### [DATA RECORDS]

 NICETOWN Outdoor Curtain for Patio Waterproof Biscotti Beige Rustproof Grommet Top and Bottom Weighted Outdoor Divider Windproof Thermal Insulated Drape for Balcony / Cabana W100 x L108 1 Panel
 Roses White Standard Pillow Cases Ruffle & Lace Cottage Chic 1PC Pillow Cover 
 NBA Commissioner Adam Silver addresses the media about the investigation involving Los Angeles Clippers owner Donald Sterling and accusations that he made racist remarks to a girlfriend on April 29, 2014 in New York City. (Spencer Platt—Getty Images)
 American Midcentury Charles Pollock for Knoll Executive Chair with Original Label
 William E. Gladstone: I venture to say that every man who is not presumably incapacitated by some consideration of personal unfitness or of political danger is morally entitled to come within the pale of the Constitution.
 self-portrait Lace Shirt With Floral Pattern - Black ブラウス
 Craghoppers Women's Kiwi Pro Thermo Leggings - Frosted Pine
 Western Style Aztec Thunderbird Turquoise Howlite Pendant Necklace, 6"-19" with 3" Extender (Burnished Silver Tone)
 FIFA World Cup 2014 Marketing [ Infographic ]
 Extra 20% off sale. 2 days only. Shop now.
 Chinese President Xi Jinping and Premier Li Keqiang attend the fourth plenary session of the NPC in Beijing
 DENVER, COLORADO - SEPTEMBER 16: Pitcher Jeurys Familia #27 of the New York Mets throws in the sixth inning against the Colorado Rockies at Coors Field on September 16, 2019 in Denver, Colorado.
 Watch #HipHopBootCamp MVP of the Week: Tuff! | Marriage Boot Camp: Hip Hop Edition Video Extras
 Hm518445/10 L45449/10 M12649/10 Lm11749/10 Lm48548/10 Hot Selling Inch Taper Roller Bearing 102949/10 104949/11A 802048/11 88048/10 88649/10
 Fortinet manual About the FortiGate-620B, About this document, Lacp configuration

### [EXERCISE INSTRUCTIONS]
Every line holding the word "that" should be copied out of the material.

### [EXPECTED ANSWER]
 NBA Commissioner Adam Silver addresses the media about the investigation involving Los Angeles Clippers owner Donald Sterling and accusations that he made racist remarks to a girlfriend on April 29, 2014 in New York City. (Spencer Platt—Getty Images)
 William E. Gladstone: I venture to say that every man who is not presumably incapacitated by some consideration of personal unfitness or of political danger is morally entitled to come within the pale of the Constitution.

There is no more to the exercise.